9. The BT communication method of claim 1, wherein the BT communication method is employed by a BT system, the BT system and a non-BT system coexist in a same chip, and the BT frequency hopping configuration in the frequency band does not include a channel of the frequency band that is used by the non-BT system.

10. The BT communication method of claim 9, wherein the non-BT system is a Wi-Fi system or a Zigbee system.

11. The BT communication method of claim 1, wherein the frequency band comprises at least one of a 5 GHz band and a 6 GHz band.

12. A Bluetooth (BT) communication device comprising:

a control circuit, arranged to set a BT frequency hopping configuration in a frequency band that is higher than a 2.4 GHz band; and

a wireless communication circuit, arranged to perform a BT communication operation that is compliant with the BT frequency hopping configuration in the frequency band.

13. The BT communication device of claim 12, wherein the control circuit is further arranged to set a BT frequency hopping configuration in the 2.4 GHz band, all BT channels of a same frequency hopping sequence specified in the BT frequency hopping configuration in the 2.4 GHz band are populated within a first frequency range, and all BT channels of a same frequency hopping sequence specified in the BT frequency hopping configuration in the frequency band are populated within a second frequency range that is larger than the first frequency range.

14. The BT communication device of claim 13, wherein a number of BT channels populated within the second frequency range in the frequency band for frequency hopping is larger than a number of BT channels populated within the first frequency range in the 2.4 GHz band for frequency hopping.

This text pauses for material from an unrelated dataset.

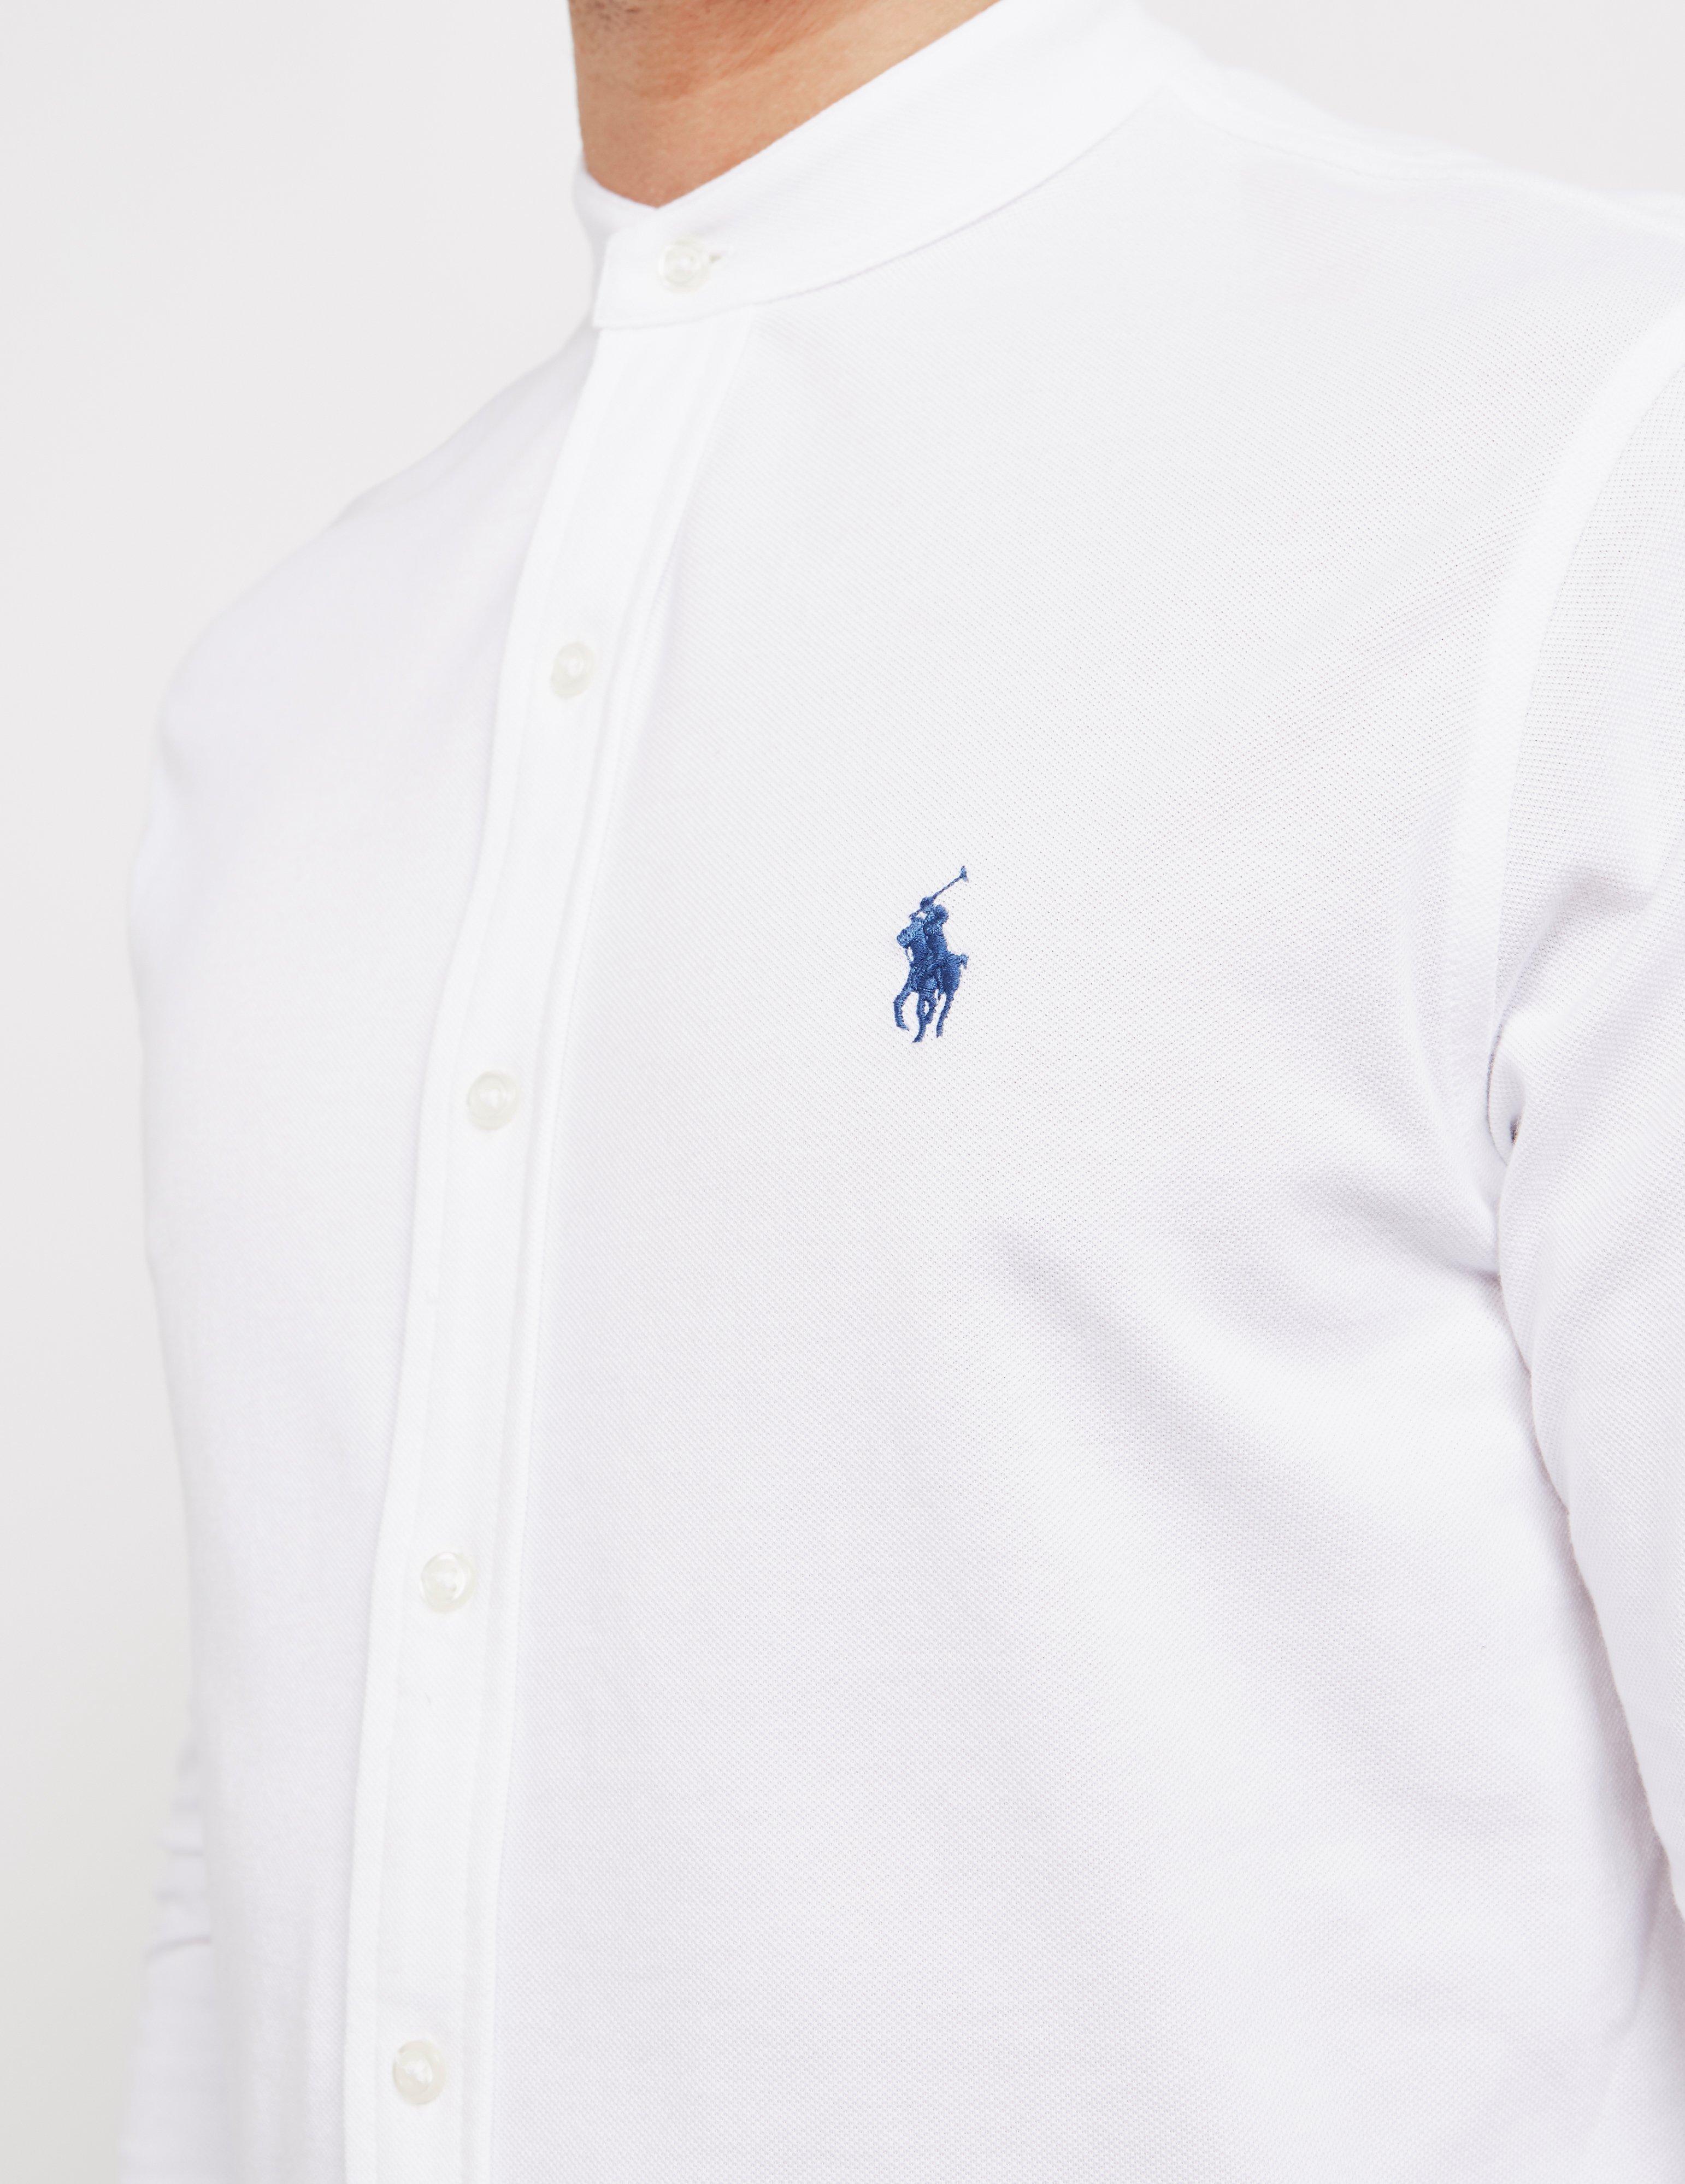 Polo Ralph Lauren Grandad Collar Long Sleeve Shirt White for Men - Lyst

15. The BT communication device of claim 12, wherein a same frequency hopping sequence specified in the BT frequency hopping configuration in the frequency band comprises continuous BT channels with discontinuous center frequencies in the frequency band.

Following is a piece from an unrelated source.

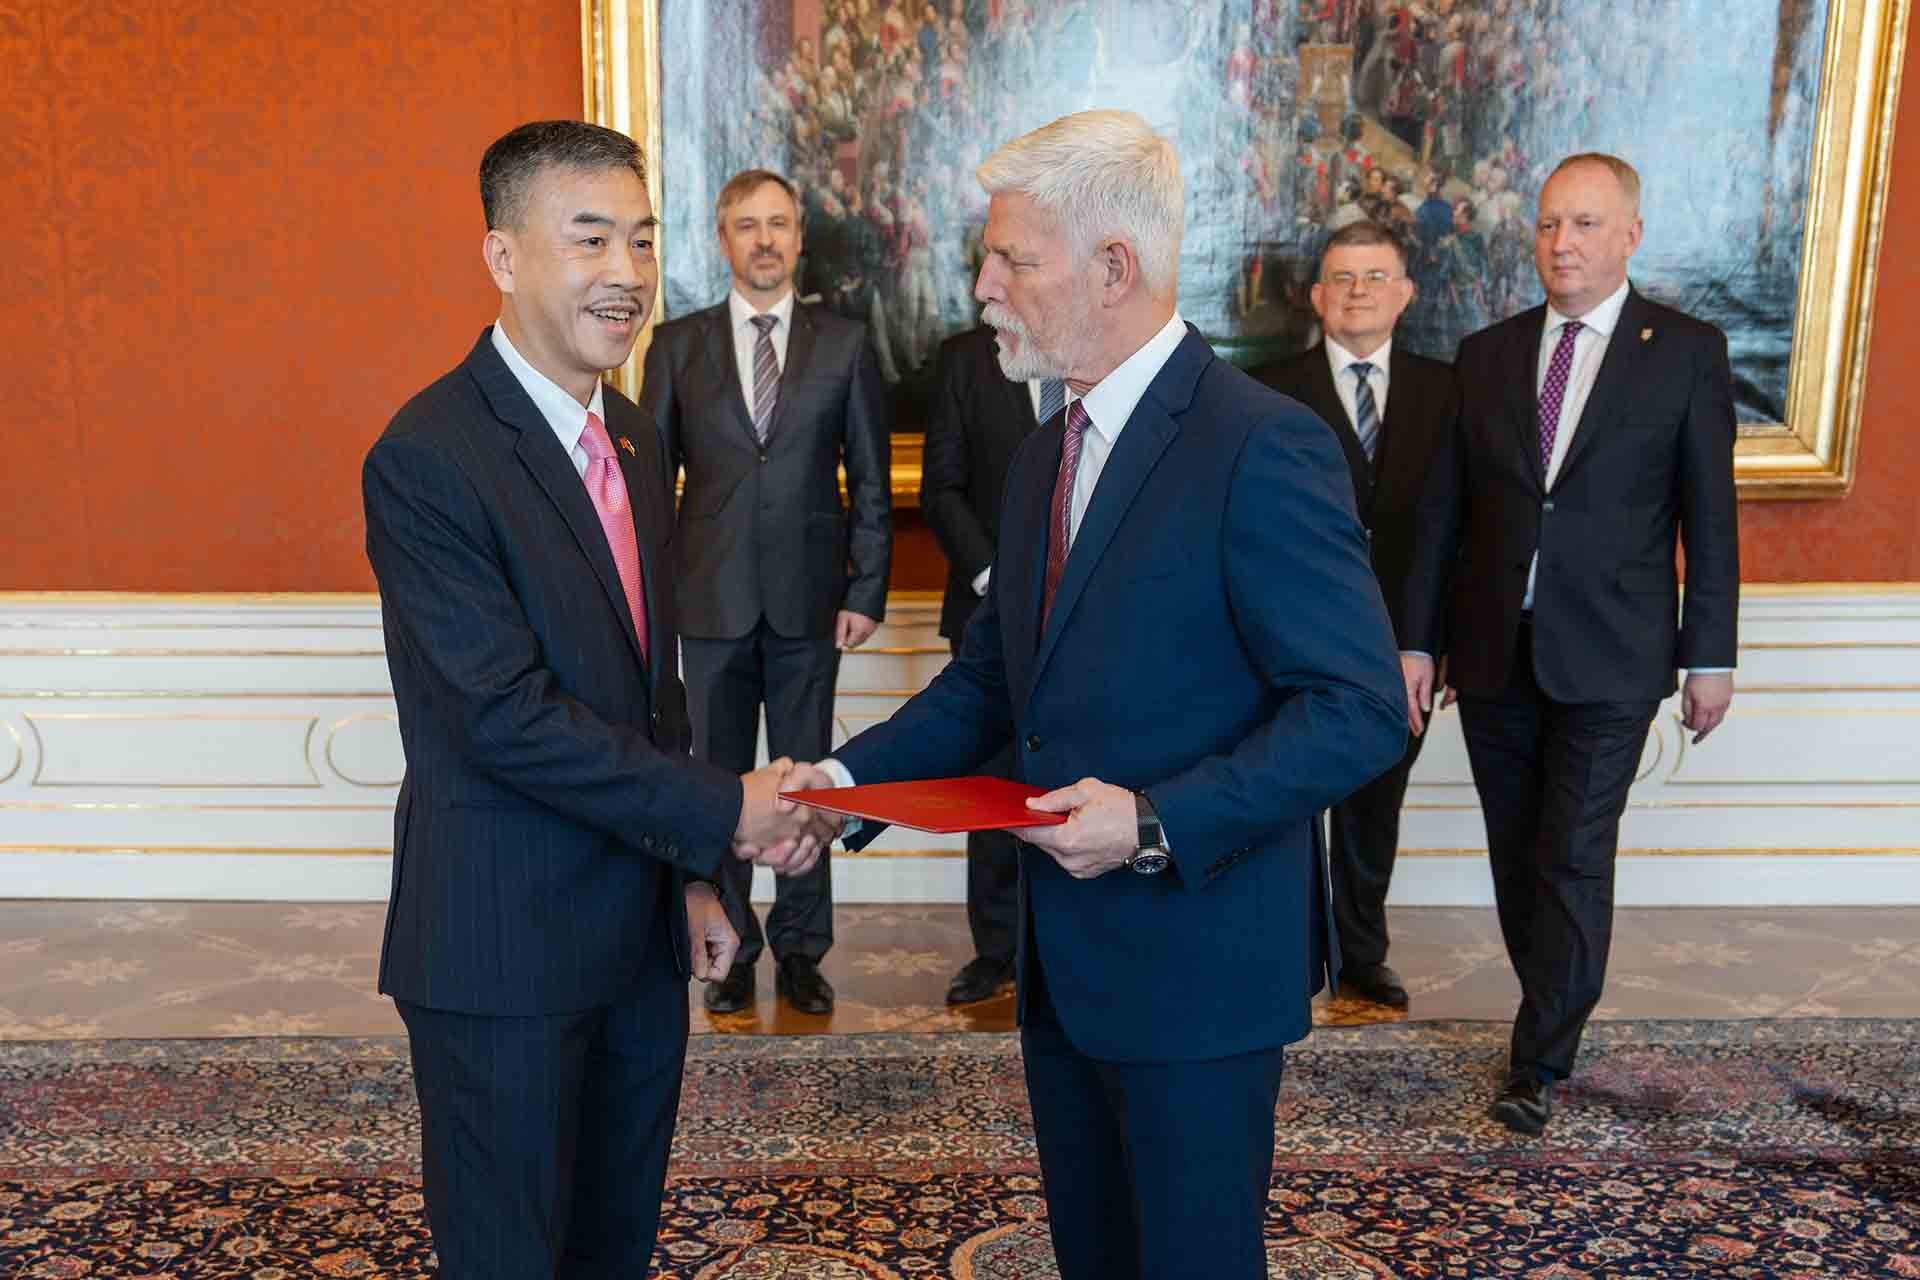 Đại sứ Dương Hoài Nam trình Thư ủy nhiệm lên Tổng thống Cộng hòa Czech Petr Pavel.  (Ảnh: Tomáš Fongus)

16. The BT communication device of claim 12, wherein a first frequency hopping sequence and a second frequency hopping sequence are specified in the BT frequency hopping configuration in the frequency band, and there is a constant frequency offset between the first frequency hopping sequence and the second frequency hopping sequence.

17. The BT communication device of claim 12, wherein the control circuit is further arranged to instruct the wireless communication circuit to perform a BT channel scan upon a plurality of channels in the frequency band to generate a scan result, where the plurality of channels comprise Wi-Fi preferred scanning channels (PSCs), and the BT frequency hopping configuration in the frequency band is set by the control circuit according to at least the scan result.

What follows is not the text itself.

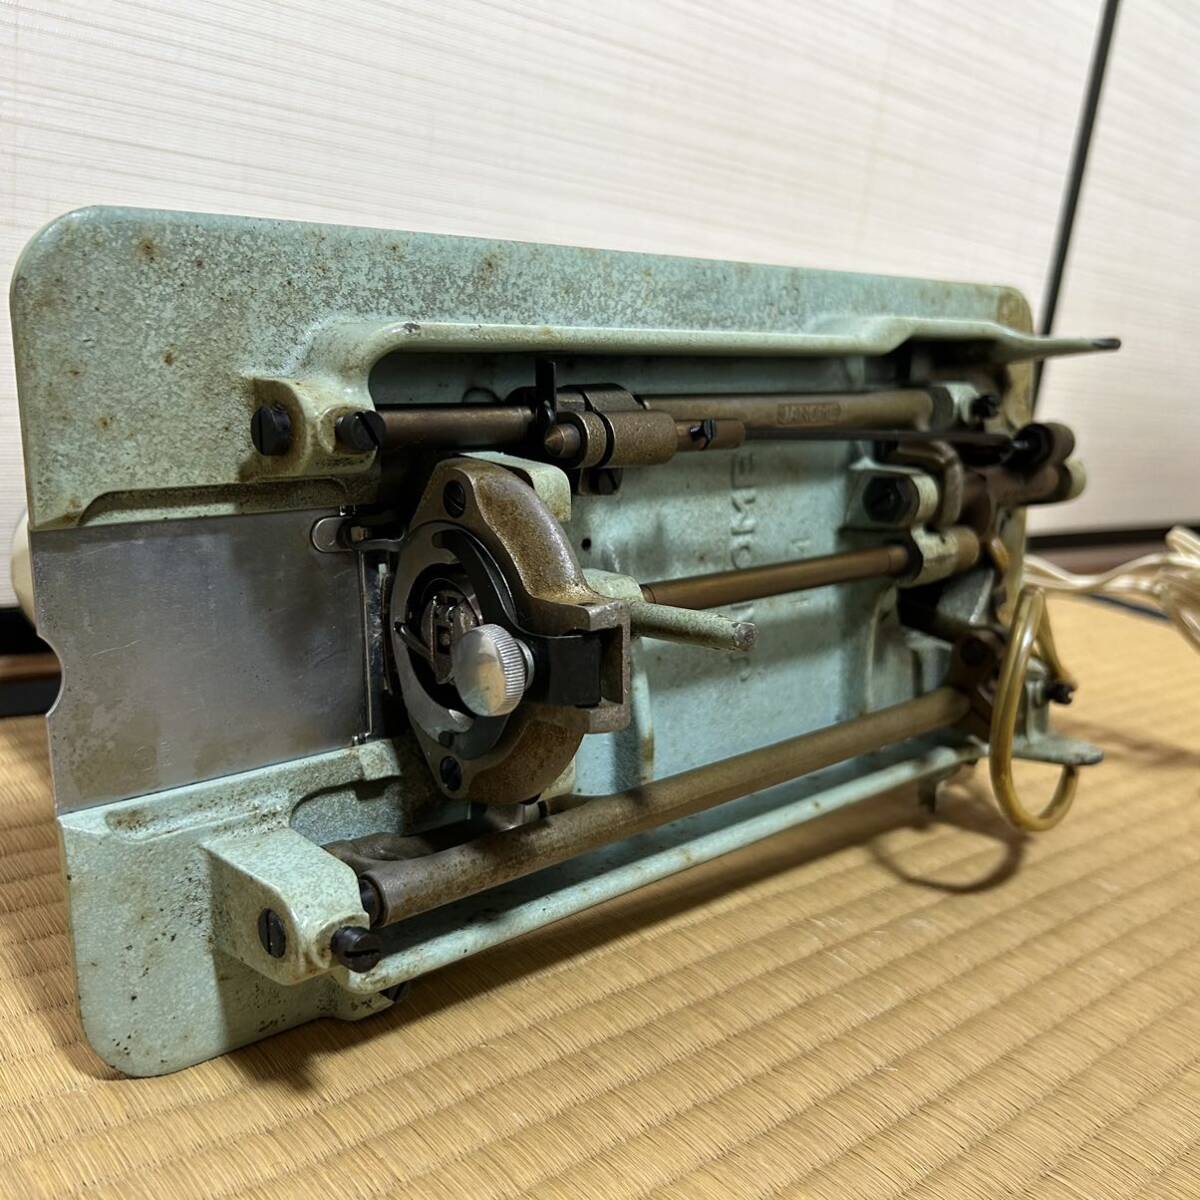  Janome швейная машина JANOME контроллер densipon2 античный ручная работа шитье рукоделие Showa Retro рукоделие

18. The BT communication device of claim 12, wherein any BT channel specified in the BT frequency hopping configuration in the frequency band does not overlap any channel that is used by a non-BT system in the frequency band and has a channel width not smaller than a predetermined value.

19. The BT communication device of claim 18, wherein the non-BT system is a Wi-Fi system, and the predetermined value is 80 MHz.

20. The BT communication device of claim 12, wherein the BT communication device is a part of a BT system, the BT system and a non-BT system coexist in a same chip, and the BT frequency hopping configuration in the frequency band does not include a channel of the frequency band that is used by the non-BT system.

21. The BT communication device of claim 20, wherein the non-BT system is a Wi-Fi system or a Zigbee system.

22. The BT communication device of claim 12, wherein the frequency band comprises at least one of a 5 GHz band and a 6 GHz band.